Documentation of extra-judicial violence across the region. Resources, materials and stories of local community remembrance projects.

This collection of narratives seeks to simply tell what is known of the instances of racialized terror in the Appalachian region and to shine a light on a few of the murders that negated an individual's rights to due process and fair trail.

Bristol, Virginia

Robert Clark, 1891

In support of and in cooperation local community members, we produced a short film detailing the extra judicial killing of Robert Clark in Bristol, Virginia. This film was produced in support of the efforts of the Bristol Remembrance Project and coalition work.

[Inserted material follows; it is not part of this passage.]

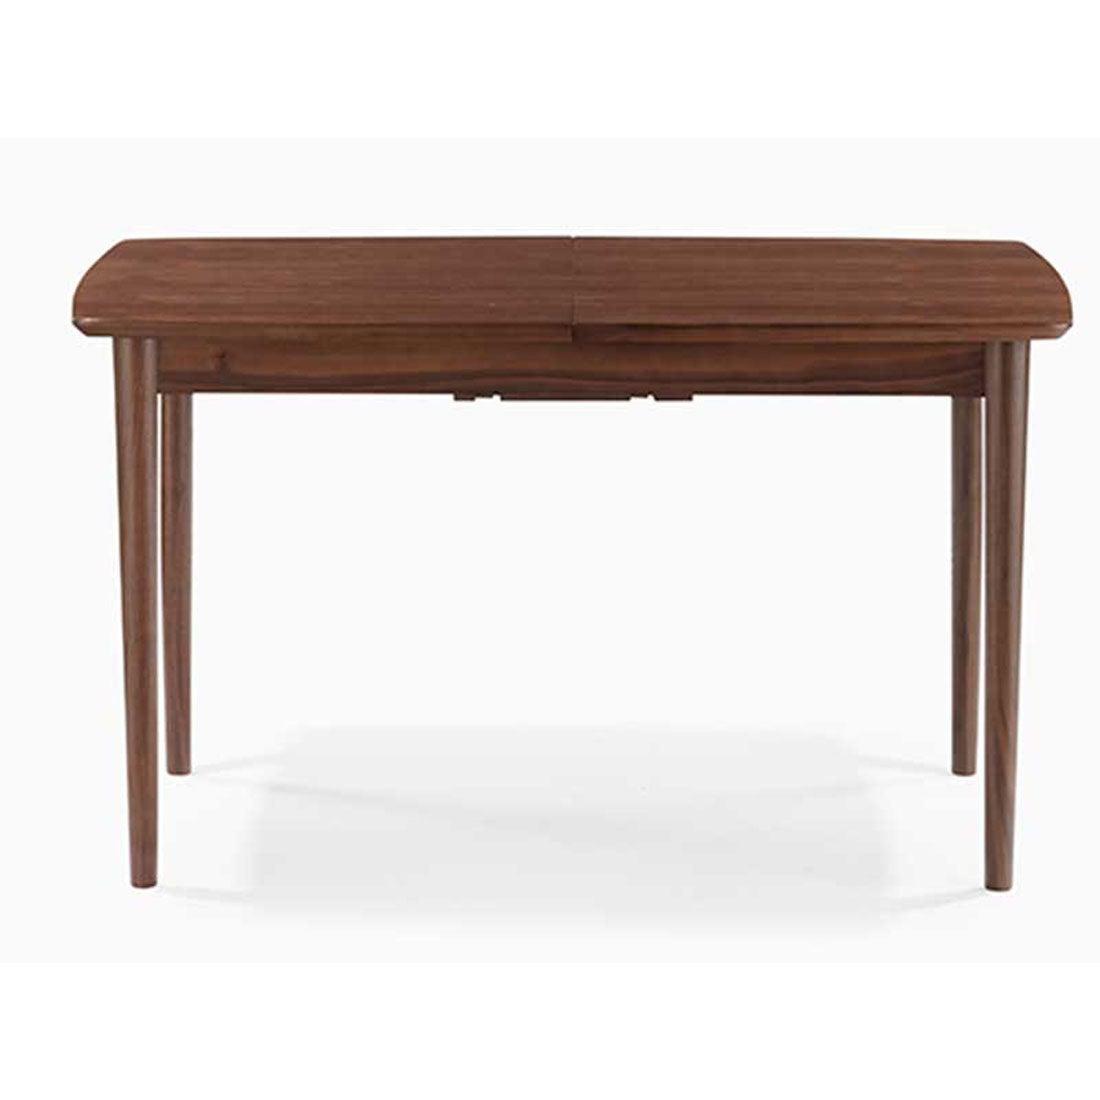 IDC OTSUKA/大塚家具 ダイニングテーブル(伸長式) ウイング WN 1250タイプ (ウォールナット)【返品不可商品】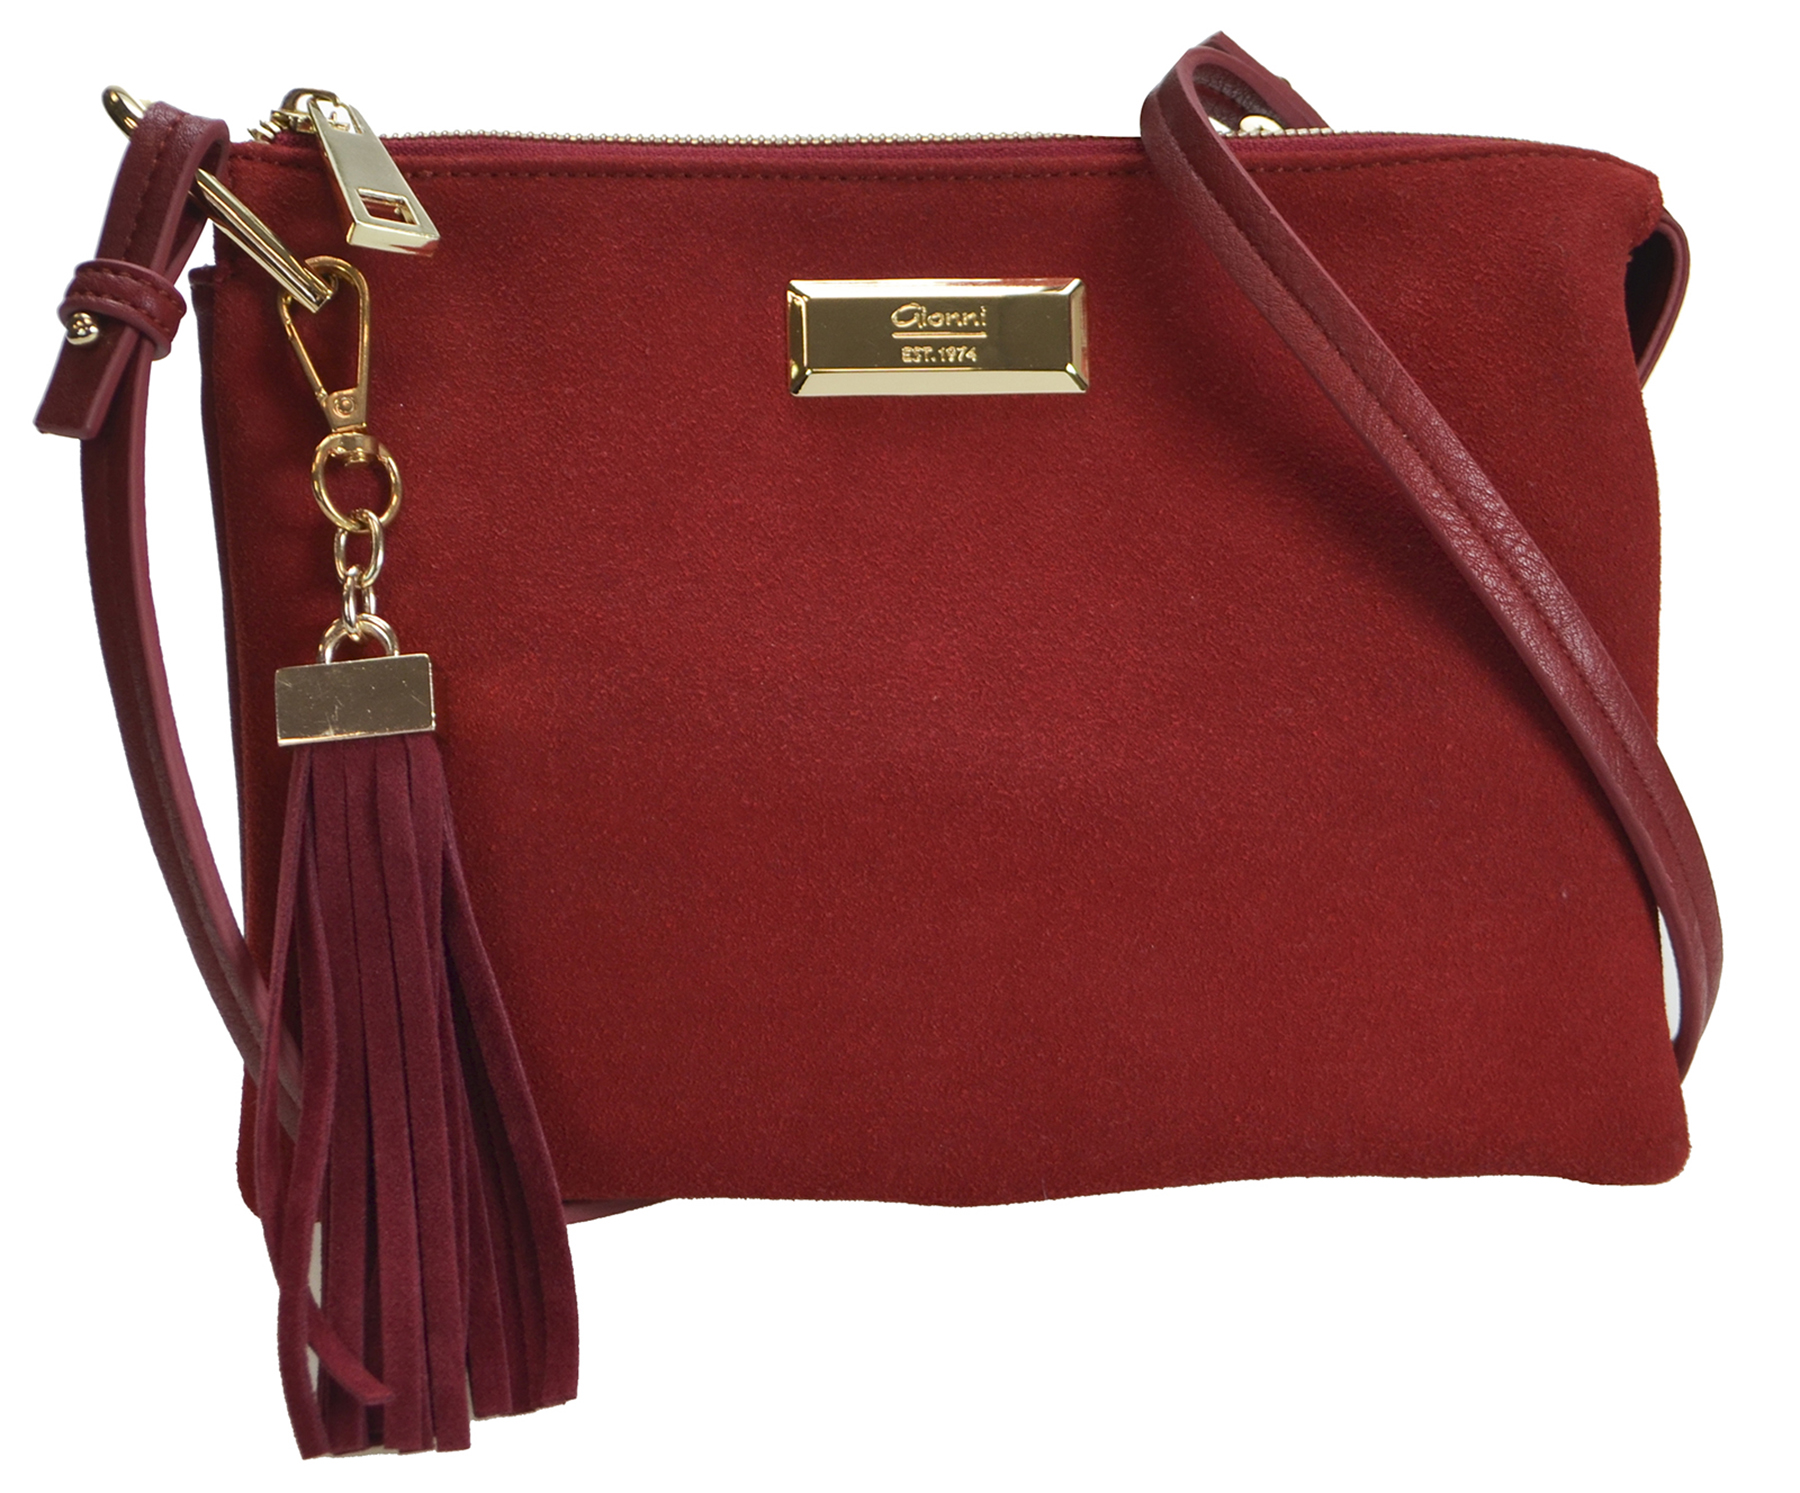 Red top zip double gusset with tassel shoulder bag. €39 £36. Available at Kilkenny, Menary's, Shaws, Debenhams and Pamela Scott..JPG

*film contains images of a lynching*

Corbin, Kentucky

Expulsion of 1919

Elliot Jaspin, the author of "Buried in the Bitter Waters: The Hidden History of Racial Cleansing in America", talks about the events that led up to the entire Black population being driven out of Erwin, Tennessee in May of 1918.

Cumberland Gap

Thomas Hunter, 1891

On March 24, 1891, an argument at Cumberland Gap saloon led to the fatal shooting of John Burkes & the extra judicial murder of Thomas Hunter.
John Burkes, 45 year white man, was the ticket agent for the Knoxville, Cumberland Gap & Louisville Railroad. Thomas Hunter was a 19 year old Black man, working as a valet for a wealthy Englishman in the Gap.

Erwin, Tennessee

Thomas Devert, 1918

On May 19th, 1918 a series of tragic events led to the expulsion of the entire Black population from Erwin, Tennessee, a thriving railroad town along the North Carolina border. In the 100 years since, the reputation of the town as an unwelcoming place for African Americans persists, as does its lack of a viable Black population

Gate City, Virginia

Samuel Woods, 1894

In 1894 a group of prominent citizens of Scott County, Virginia organized themselves into a vigilante gang to rid the area of houses of ill repute. In their pursuit, these White Caps eventually arrived at the home of Samuel Woods where tragedy would occur.

Knoxville, Tennessee

City of Knoxville, 1919

KNOXVILLE'S RED SUMMER: THE RIOT OF 1919 chronicles the unrest that occurred in Knoxville following the murder of Bertie Lindsey and the attempted lynching of the accused, Maurice Mays. Knoxville's Red Summer includes rediscovered news reel footage of the city, post-riot from 1919.

Strawberry Plains, TN

Lucian Weaver, 1979

On July 14th, 1879 Lucian (also listed as Lucius) Weaver was the victim of an extrajudicial murder by a group of men in Strawberry Plains, Tennessee. Weaver was accused of assaulting Mrs. Sallie Stipes-Howell the wife of John Howell at their home in rural Jefferson County.

Wartburg, Tennessee

Charles Hurd, 1895

November 1895 in Morgan County, Tennessee, 1895, a disagreement between a boss, James Kelley, and a worker would ultimately lead to the murder of both. After a 10 day man hunt in the mountains, the accused, Charles Hurd, would be abducted from the jail and killed at the hands of a lynch mob in Wartburg.

Wise County, Virginia

David Hurst, 1920

On Friday, November 12th, 1920, Dave Hurst, often reported as David Hunt, allegedly attacked a 60-year-old white woman at her home. Hurst was in jail in Wise on November 14th, when a mob of about 75 men overpowered the jail guard by breaking down doors. The mob took Hurst and put him into an automobile and drove him to a bridge near Kent Junction in Wise County, Virginia. Once there, the mob hung Dave Hurst to the bridge.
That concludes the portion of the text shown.